What this means at the farm gate
For Basotho farmers selling into the South African market, the data points in two directions. Fruit and most vegetable categories are cheaper than a year ago, which is good for consumers but compresses margins for producers. At the same time, fuel costs are 28.7% higher year-on-year, raising transport costs for every tonne that moves from the Free State or the Lesotho highlands to a national market.
Annual deflation for cereal products deepened in May, dropping to -1.4%, with maize meal 4.4% cheaper than a year ago. Cheaper staples reduce input costs for livestock farmers using maize-based feed, but also reduce the price of competing starch products in the retail basket.
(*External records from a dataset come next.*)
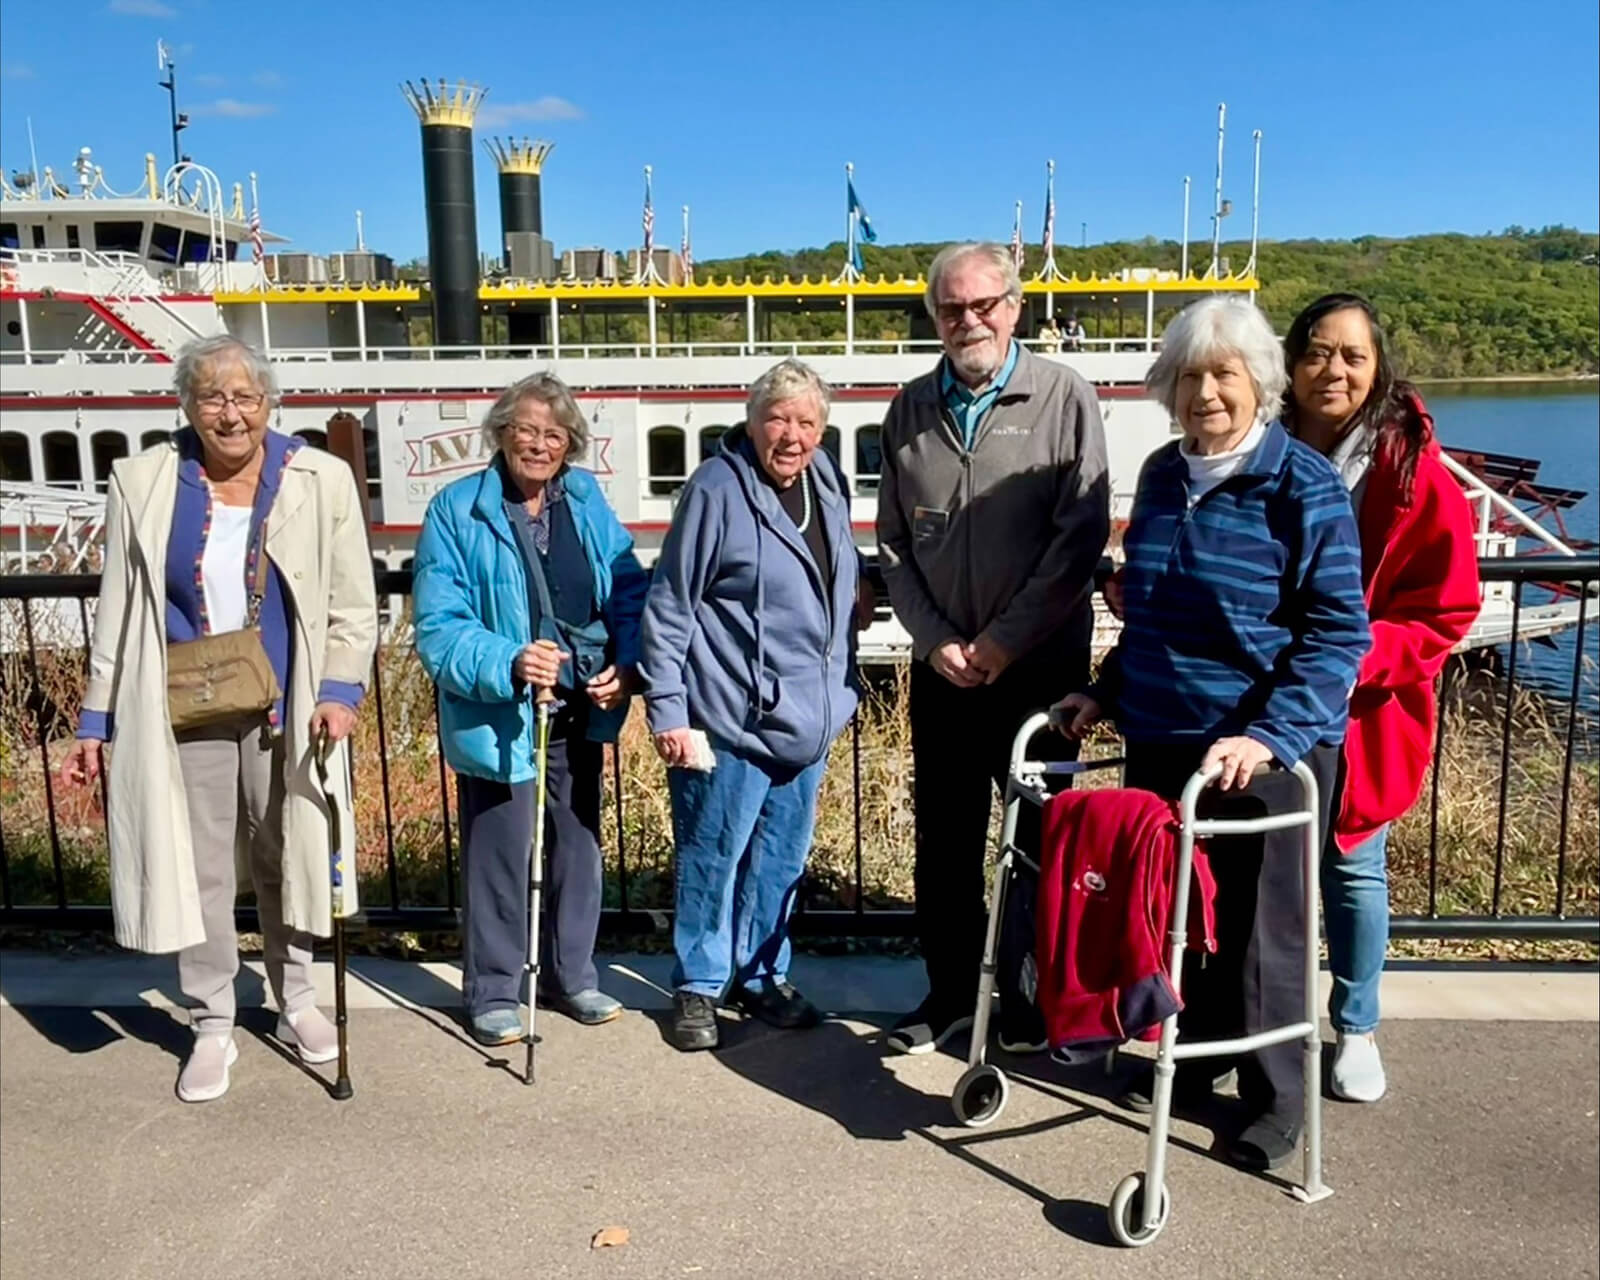 Residents of The Waters on 50th enjoying a sunny day outdoors in Minneapolis, with the iconic paddleboat in the background.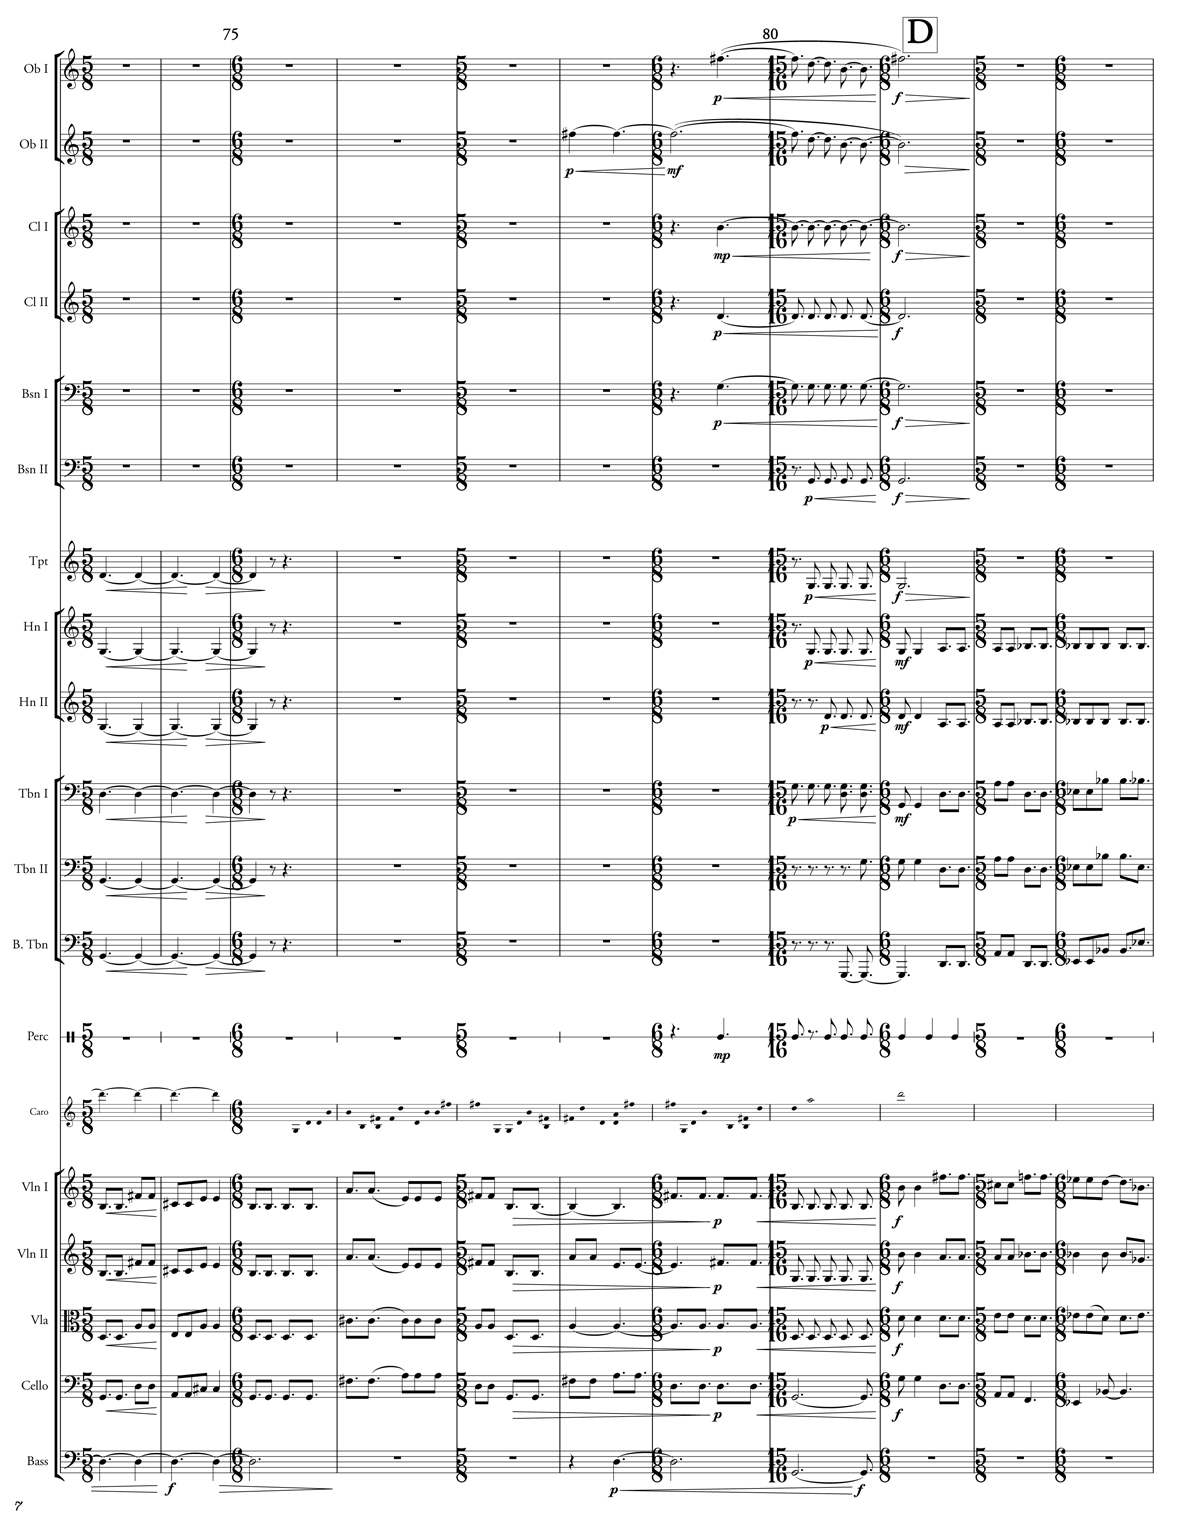 A passage from Caroline Shaw's orchestral score for Lo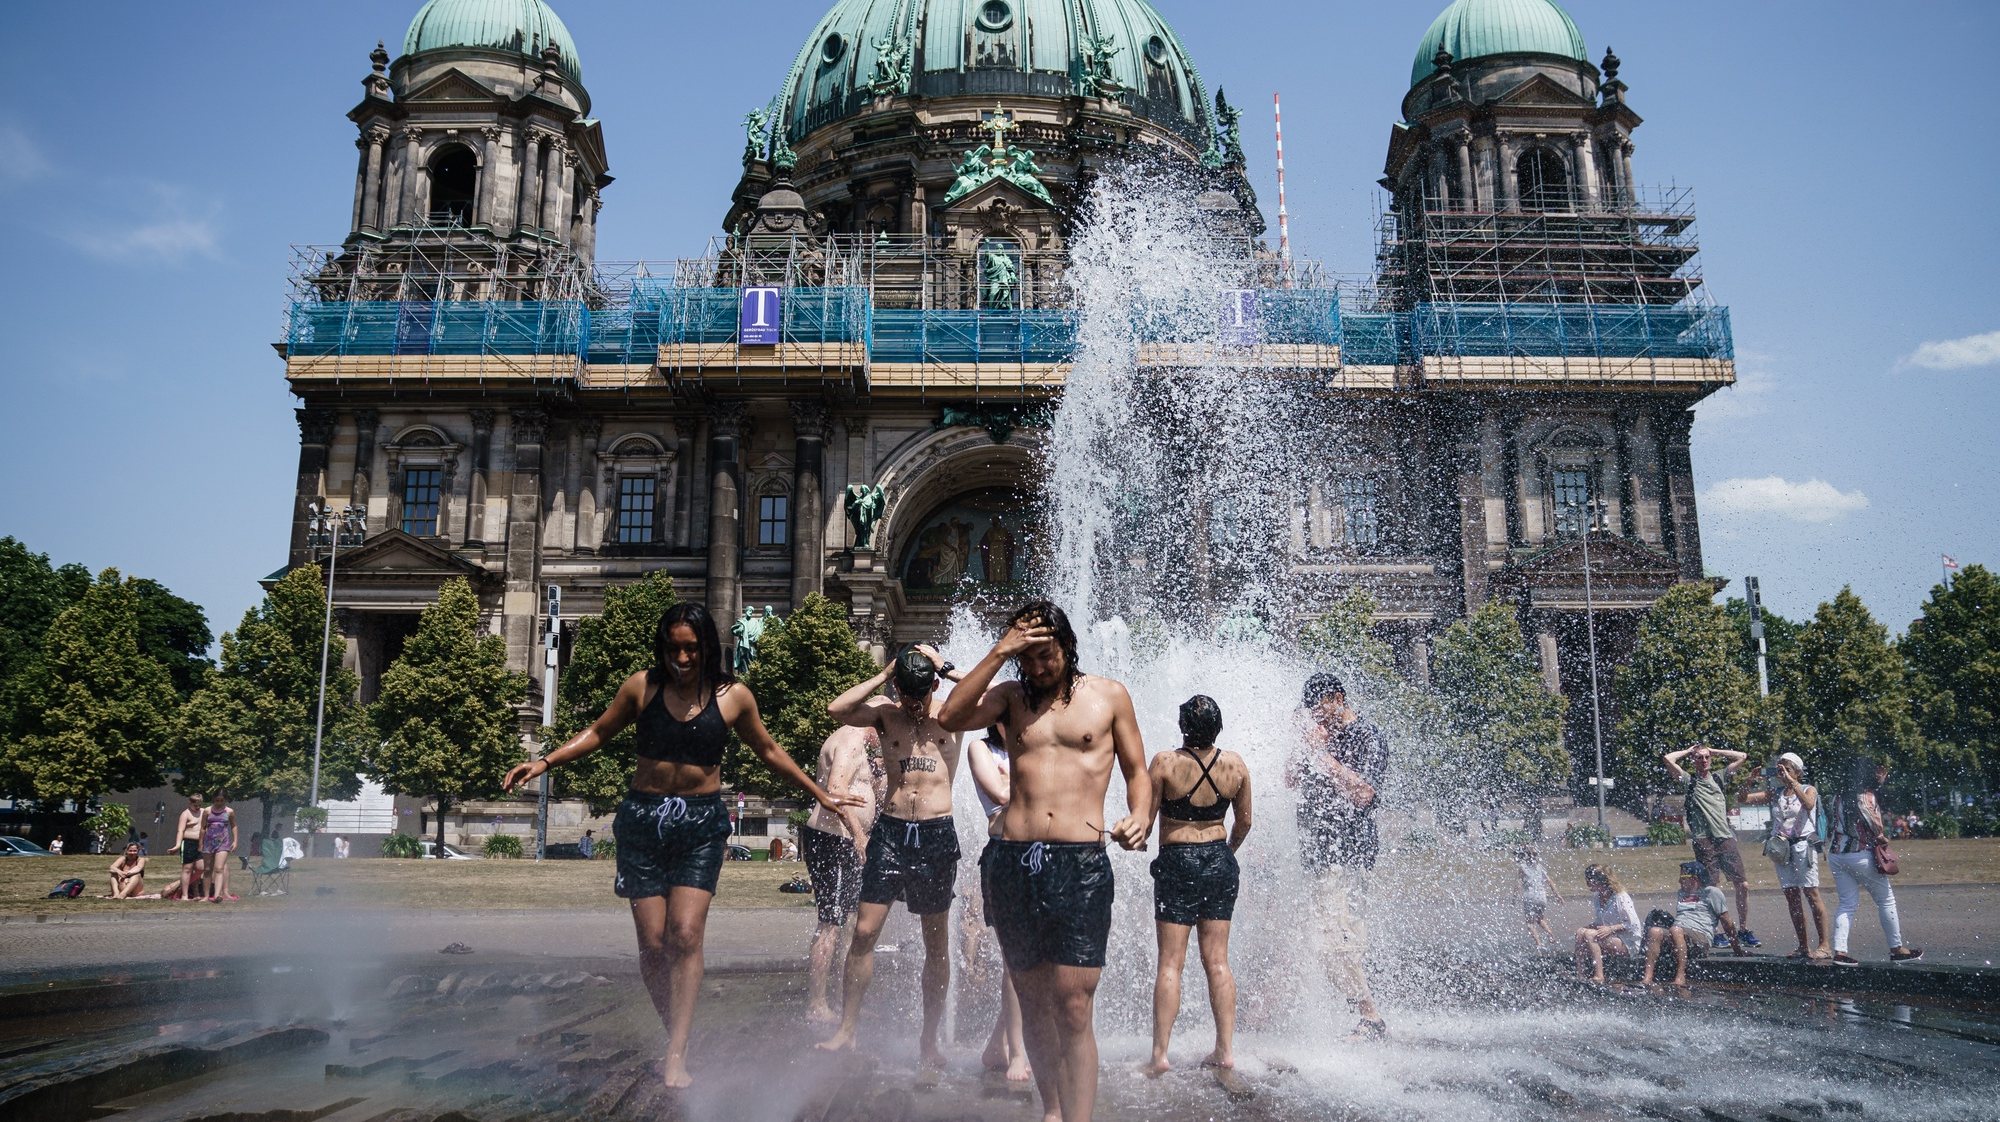 epa10022118 Tourists from the United States cool off in a fountain at Lustgarten park in Berlin, Germany, 19 June 2022. The German Weather Service (Deutscher Wetterdienst) warns of an early heatwave with highs of 38 degrees Celsius in Germany.  EPA/CLEMENS BILAN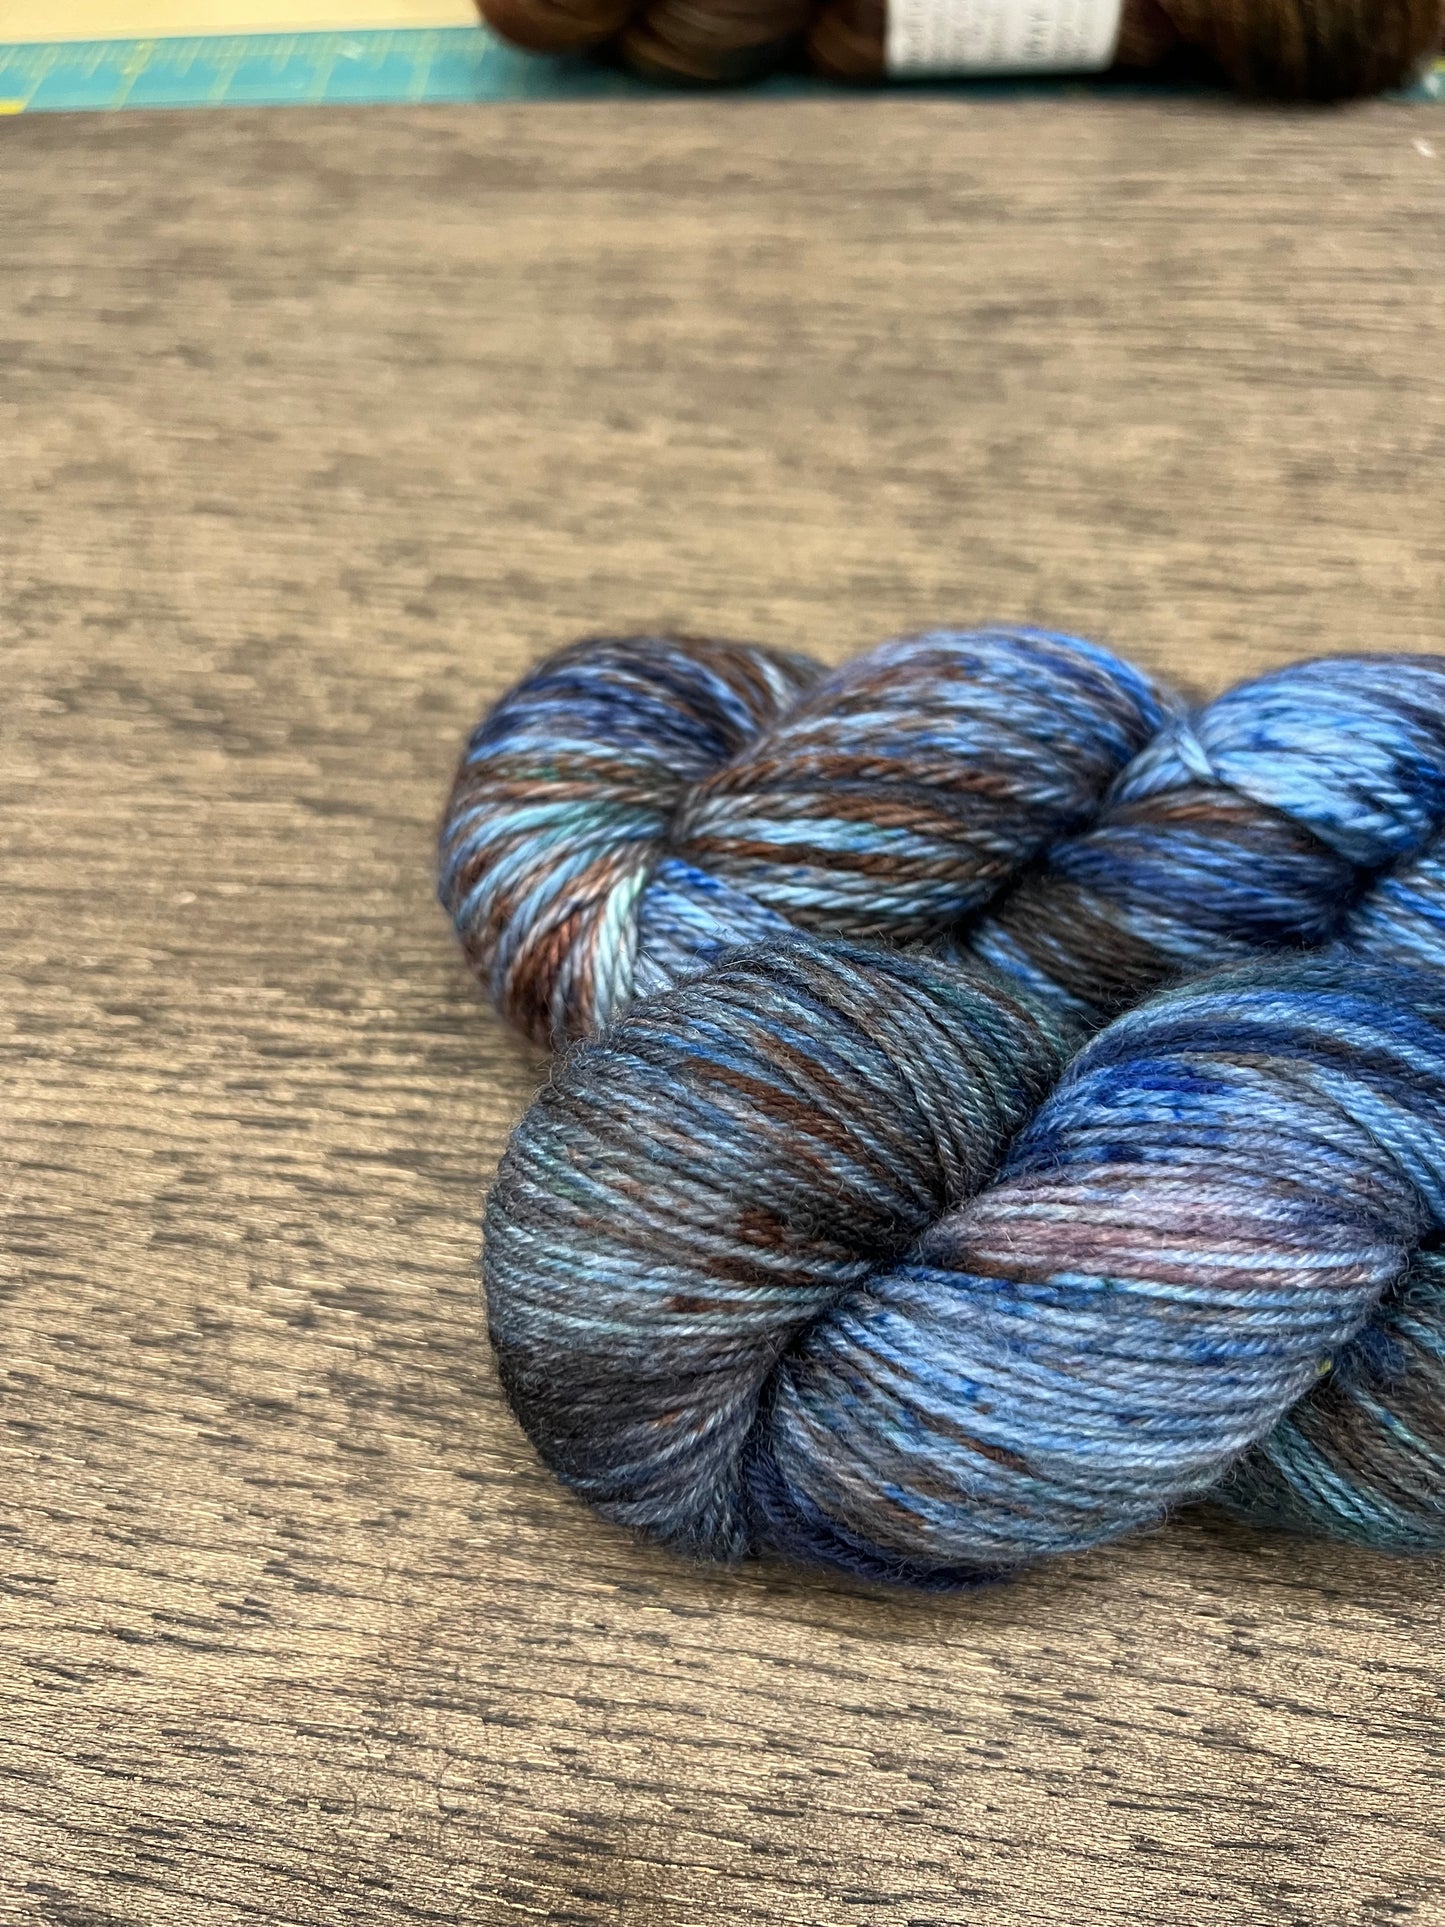 Hand Dyed Yarn Club Monthly Subscription OUTLANDER inspired Knitting Crochet Gift APRIL Mystery Skein for Crafters

The rand traded at approximately R16.48 to the US dollar on 23 June 2026 (USD /bin/sh.061). For farmers with export exposure, any further rand softening would partially offset the local price deflation in fresh produce. The rand has averaged R16.43 to the dollar so far in 2026.
Lesotho’s own CPI data, published by the Bureau of Statistics, lags South Africa’s by several months. The most recent available figure, for February 2026, showed inflation at 2.7%, down from 3.4% in January. No figures for March, April or May have been published. The gap in publication timing means Basotho farmers and policymakers are currently working from data that is at least three months behind the South African picture.
The core inflation rate, which excludes food, non-alcoholic beverages, fuel, and energy, rose to an over one-and-a-half-year high of 3.8% in May, up from 3.6% the previous month. This reflects cost pressures across the rest of the economy that affect farming operations, including packaging, labour, and equipment.
The next Stats SA CPI release, covering June 2026 data, is scheduled for mid-July. Market watchers will be looking at whether vegetable deflation deepens as the winter season progresses or whether tightening supply in select categories, particularly onions and carrots, provides a floor.